++++ Data segment

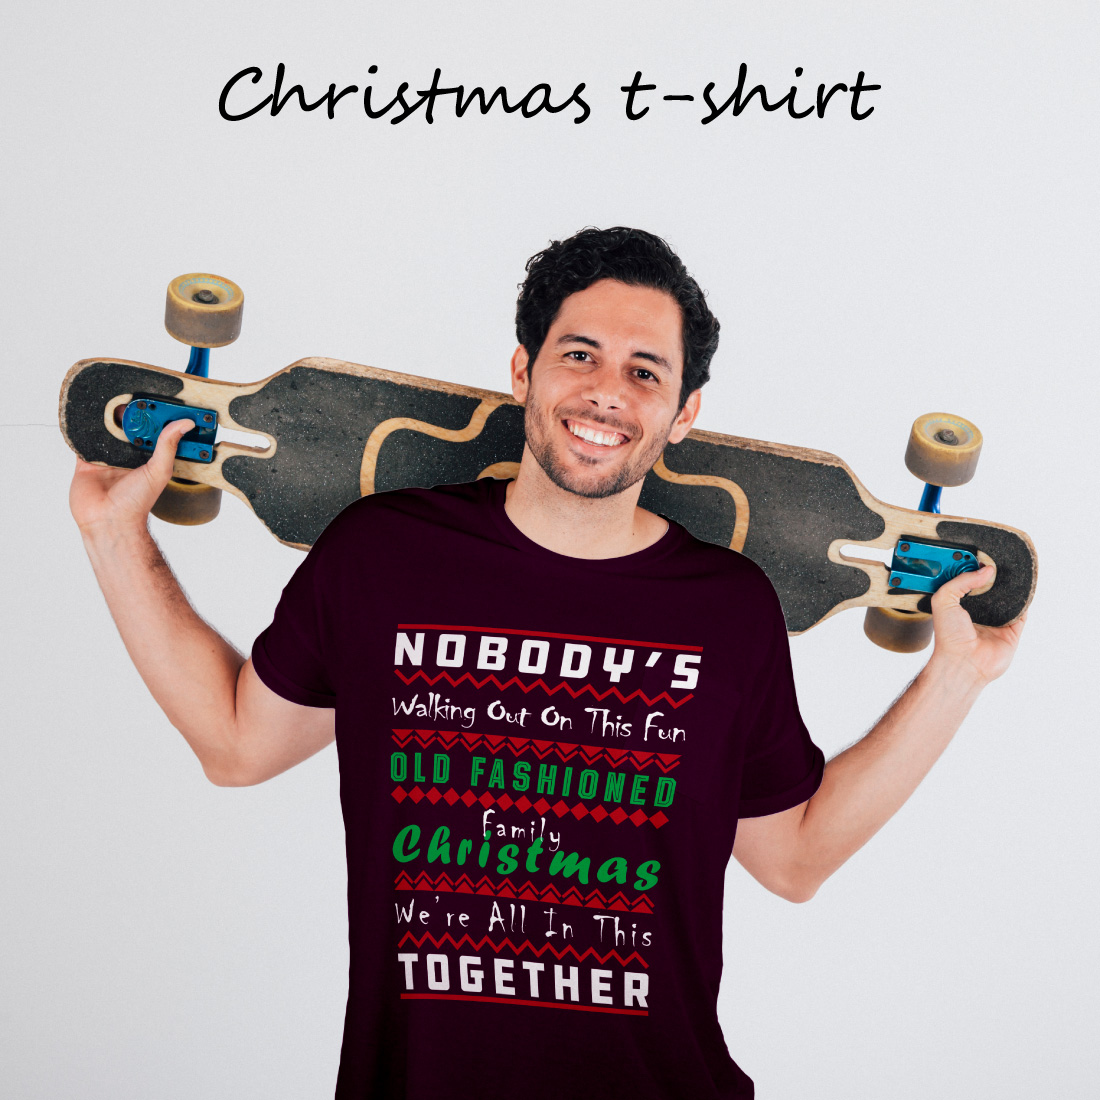 Christmas t-shirt design cover image.
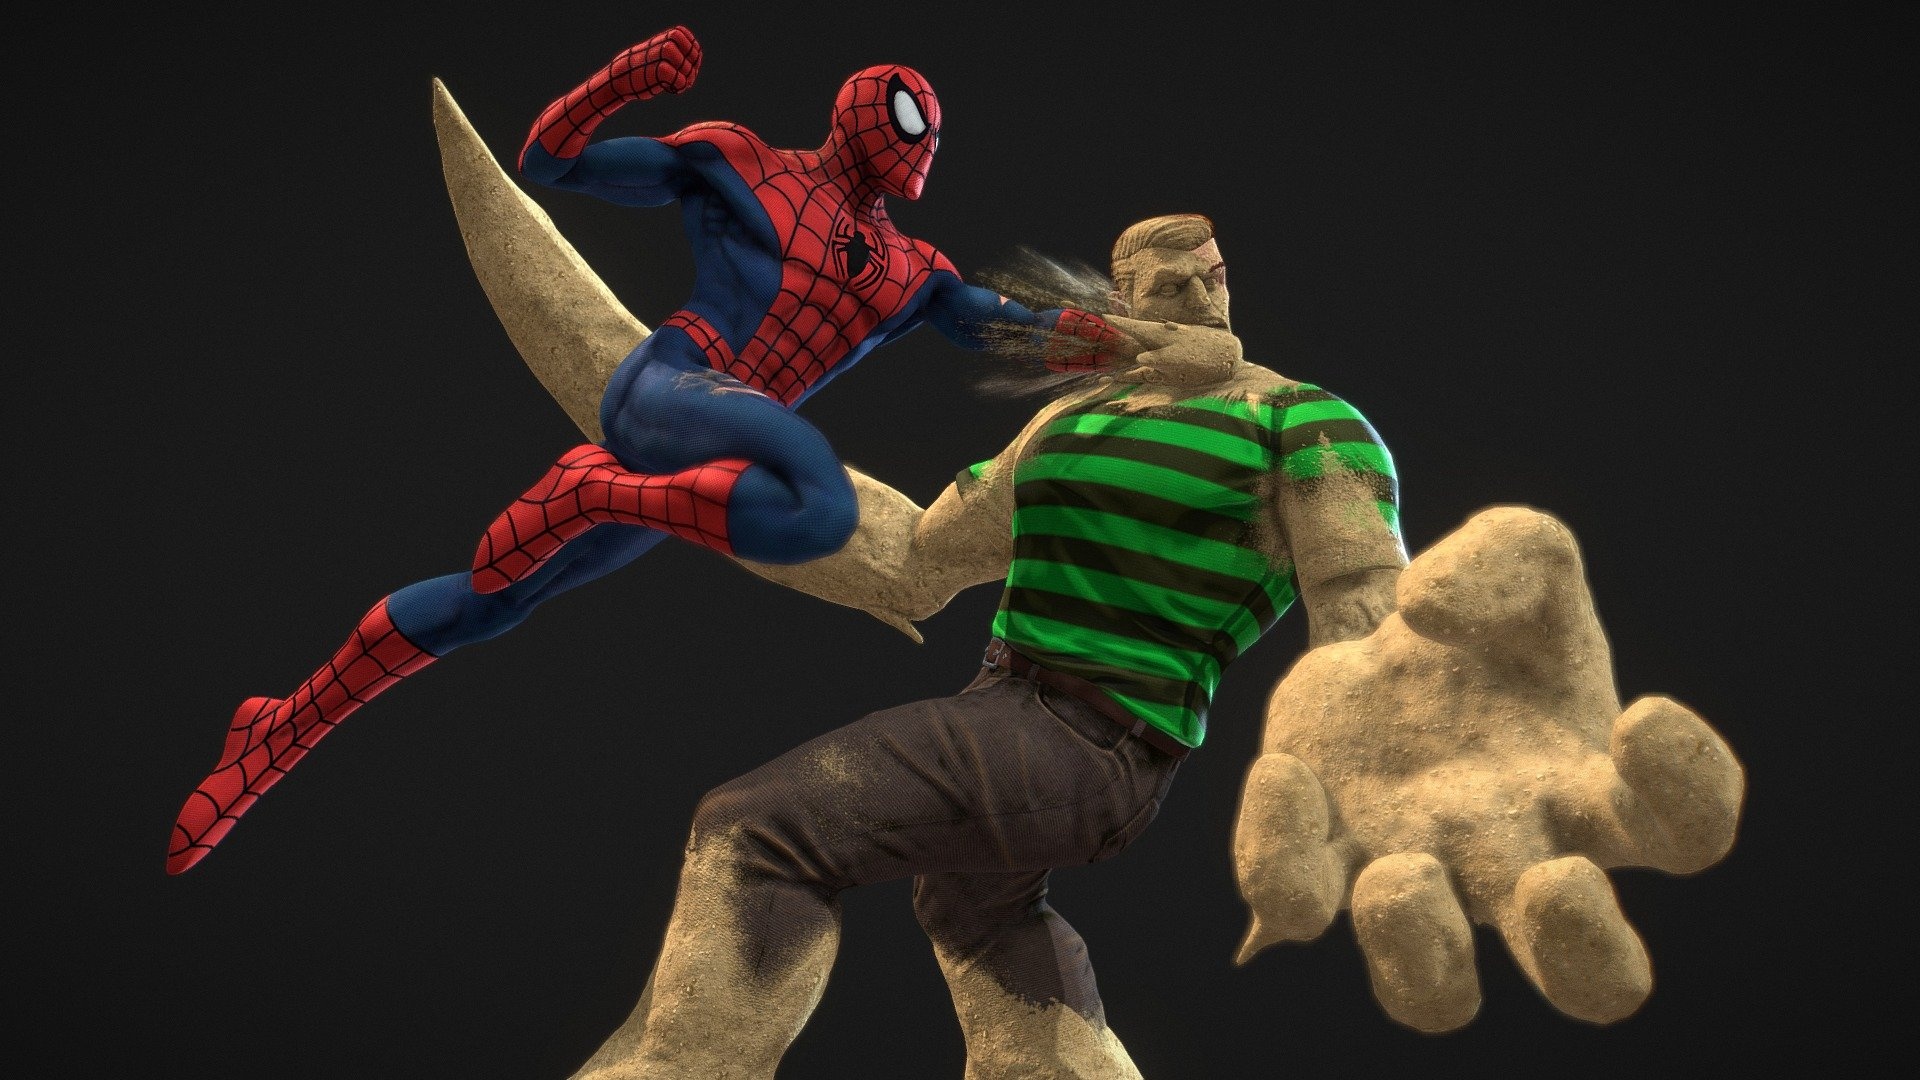 Spider Man vs Sandman, Royalty-free 3D model, Anderson Barges, Sketchfab store, 1920x1080 Full HD Desktop
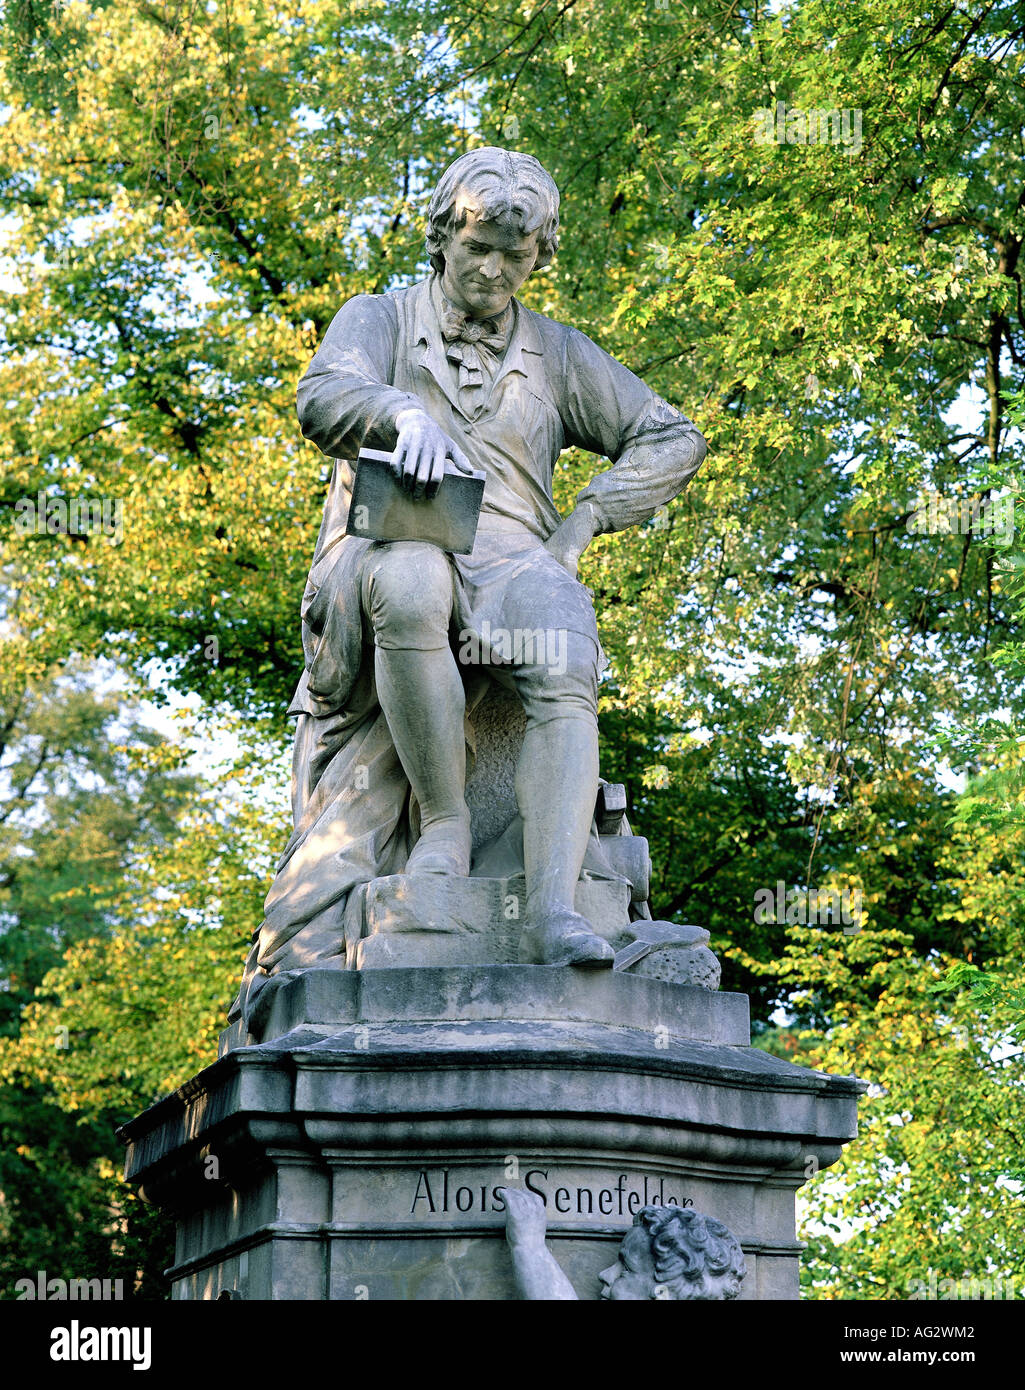 Senefelder, Alois, 6.11.1771 - 26.2.1834, Austrian printer and inventor, inventor of lithography, monument, Prenzlauer Berg, Berlin, Germany, Stock Photo

++++++++

§ What needs to be done: Each line of the data should be printed again exactly. Please leave pictures out.

§ Output for this task:
 Christmas t-shirt design cover image.
 Spider Man vs Sandman, Royalty-free 3D model, Anderson Barges, Sketchfab store, 1920x1080 Full HD Desktop
 Senefelder, Alois, 6.11.1771 - 26.2.1834, Austrian printer and inventor, inventor of lithography, monument, Prenzlauer Berg, Berlin, Germany, Stock Photo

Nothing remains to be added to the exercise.